I thought about that for a moment, and then I had a sudden moment of clarity. "But I saw your sword," I prompted. The question about how my finger had slipped through the surface of his blade, which was definitely a solid, had long past. And I made him swing it at me just to make sure, which he didn't seem very happy about.

He sighed. "Well, there are exceptions to every rule, you now." He looked at me, and his intense grey eyes boring into mine made my heart solidify and melt all over again. "Certain mortals, like yourself, have the ability to see through the Mist without being a demi-god."

I made a noise in my mouth kind of like a horse braying, which was infinitely embarrassing but also an uncontrollable habit. It explained so much. Expect for one little itsy bitsy detail.

"Why did he leave?" I asked to no one in particular. Maybe the tree, since trees being able to talk would not be the weirdest thing that had happened in the past two hours or so.

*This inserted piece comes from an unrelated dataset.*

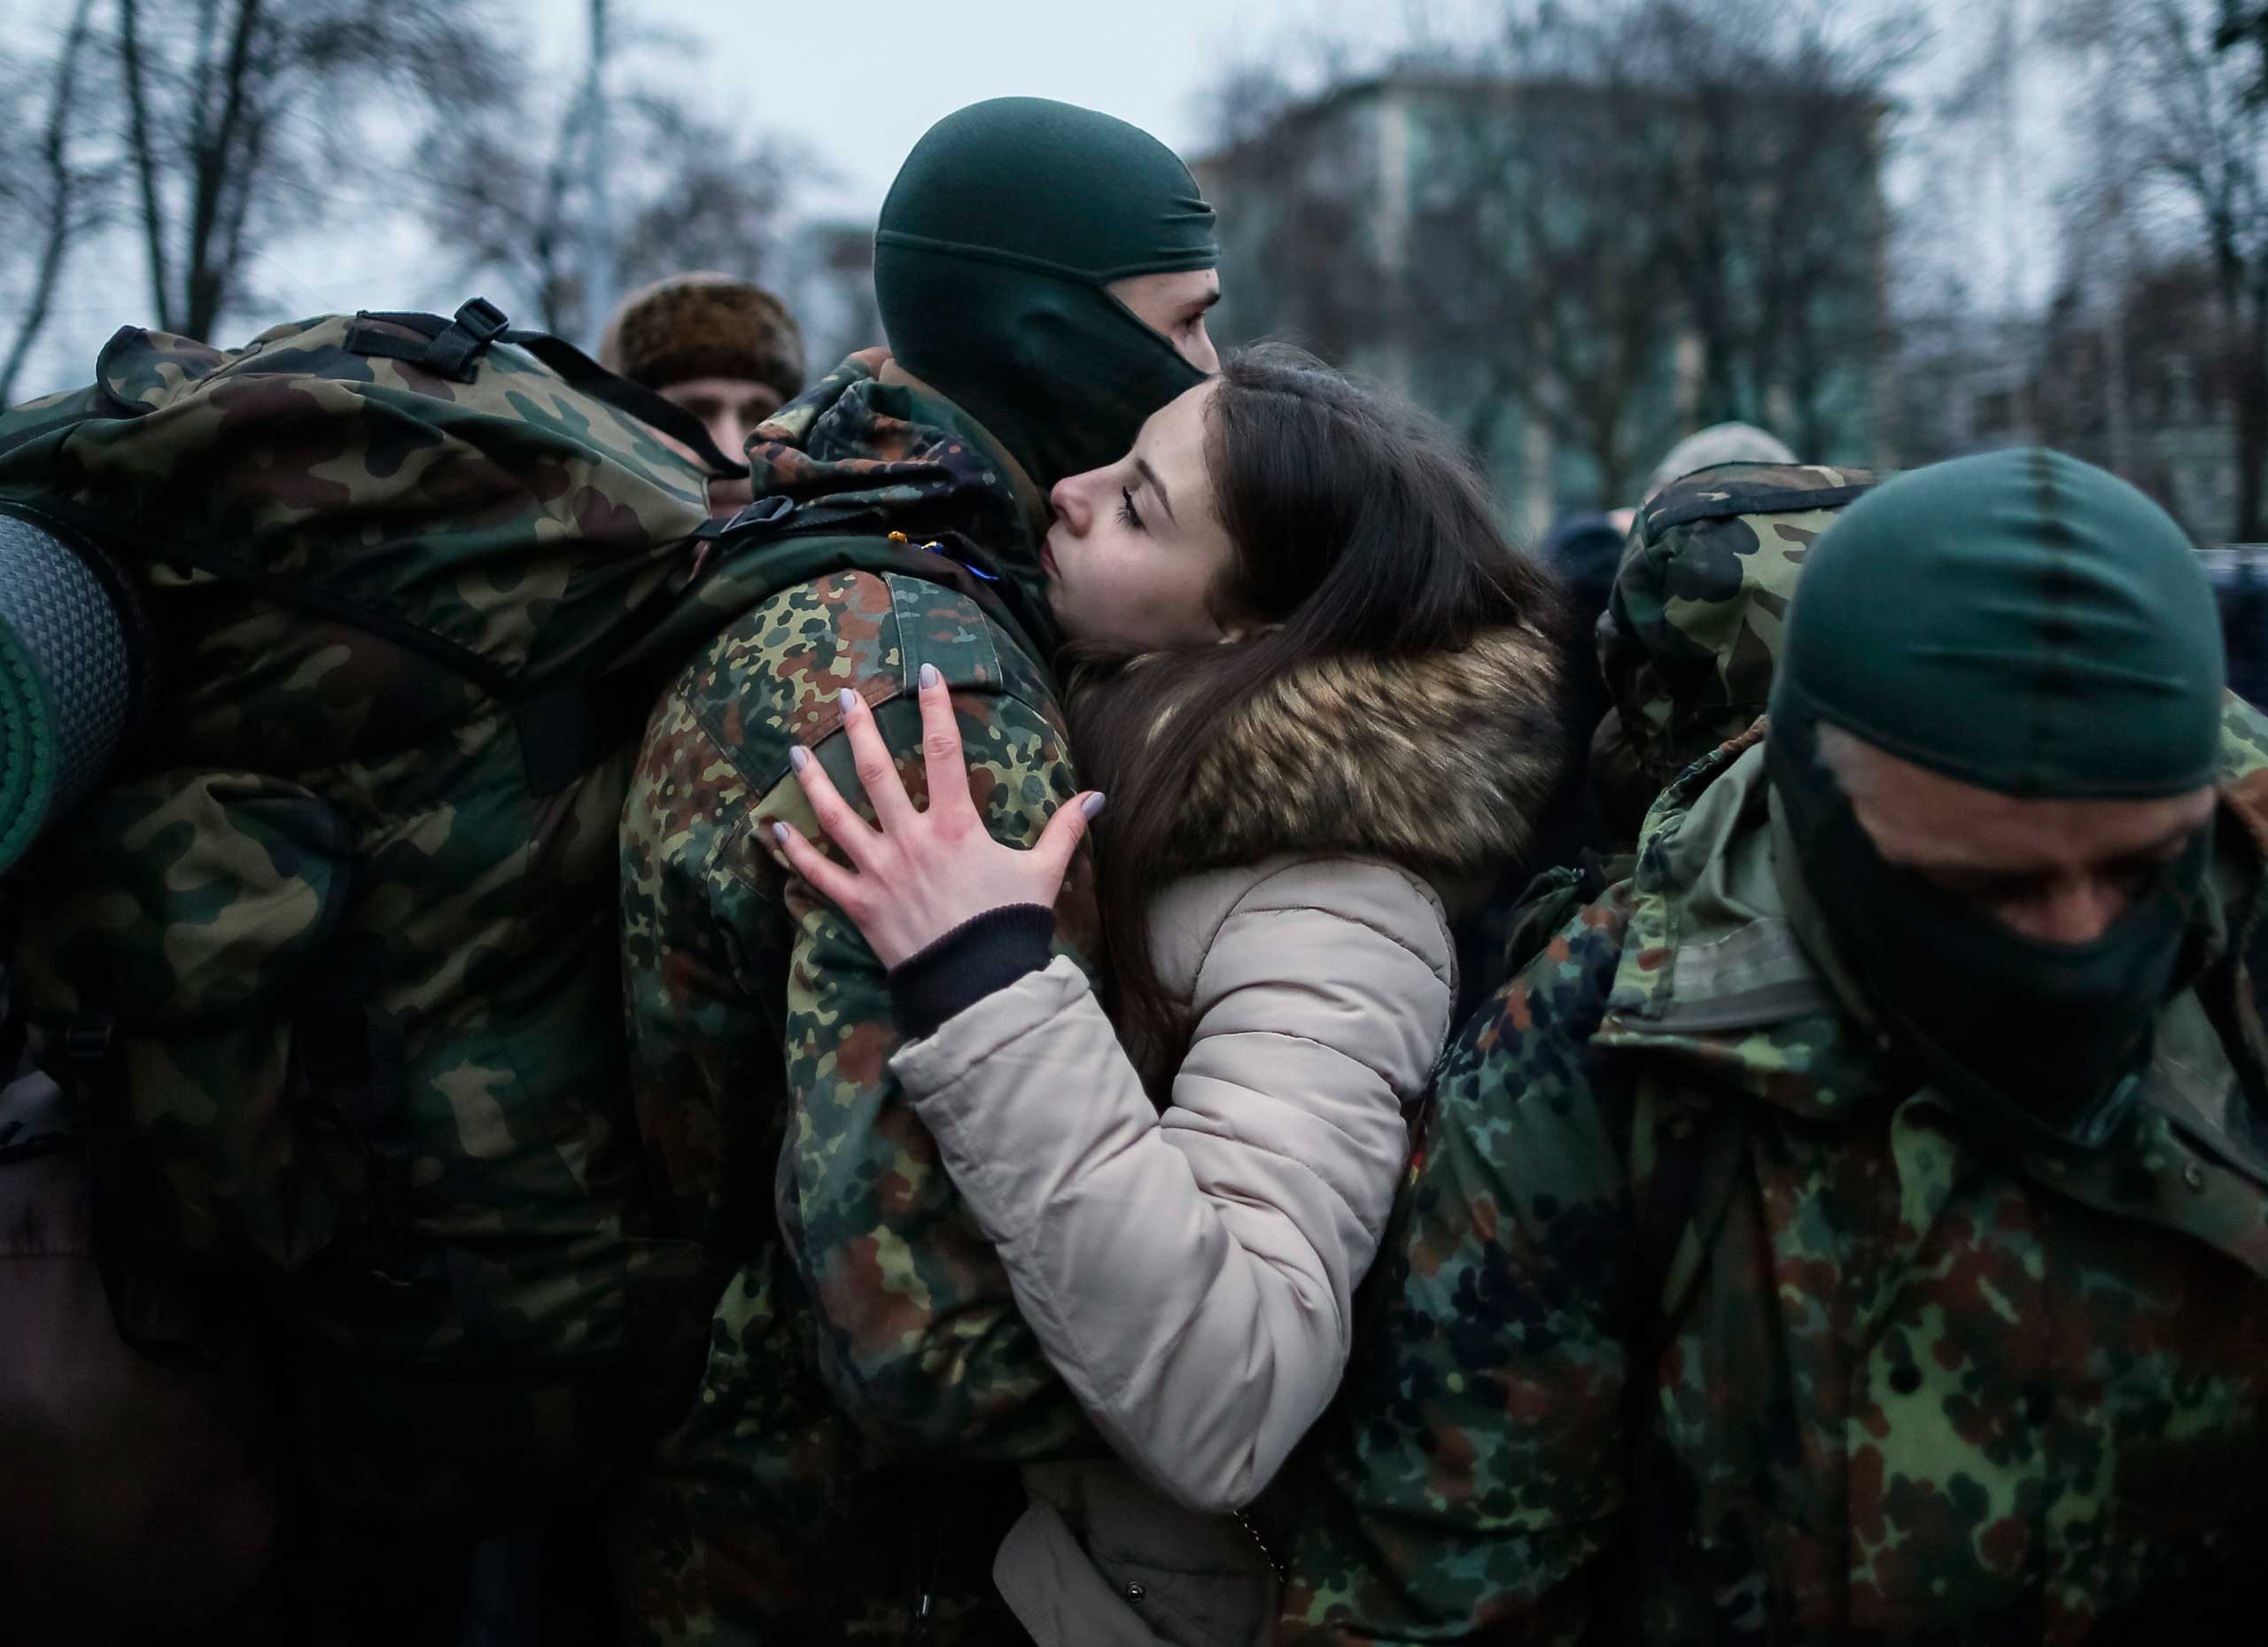 Jan. 17, 2015. A new volunteer for the Ukrainian Interior Ministry's Azov battalion embraces his girlfriend in central Kiev before he and other volunteers depart to the frontlines in eastern Ukraine. Fighting raged at the main airport of Donetsk, eastern Ukraine, as separatists resumed attempts to break the tenuous grip of government forces on the complex.

Josh, being the smart guy that he is, didn't have to ask who I was talking about. "He told you already. To protect you."

That answer didn't satisfy me. "But why? If he can see monsters too, than why couldn't he just stay here?"

"Oliver isn't a mortal, like you," Josh muttered softly. "He's like me, a demi-god. He's a son of Apollo, the god of the sun, and music, and poetry, and—lots of other stuff," he finished, stopping himself before he started reciting an endless list of just what Apollo was the god of. I had sat through the same session in Latin. I knew the basics. "He's your half brother. It wouldn't have been safe for either you or your mother or even himself if he stayed."

I sighed heavily. Josh left me with that little tidbit to consider as he rose from his seat on the bench next to me and started walking away in the opposite direction. Without his body warmth next to me, I had suddenly realized just how cold it had gotten.

Once upon a time, there was a beautiful girl who lived in a virtual world, and that was all she knew until the handsome Joshua came and told her that everything she knew was a lie, and she would be delusional to think anything else. And then they lived happily ever after.

I smiled softly, and then a thought struck me. I felt a hot red blush that banished the chill from my body creep onto my cheeks. I looked in the direction Josh had gone.

I really hoped that children of Athena couldn't read minds.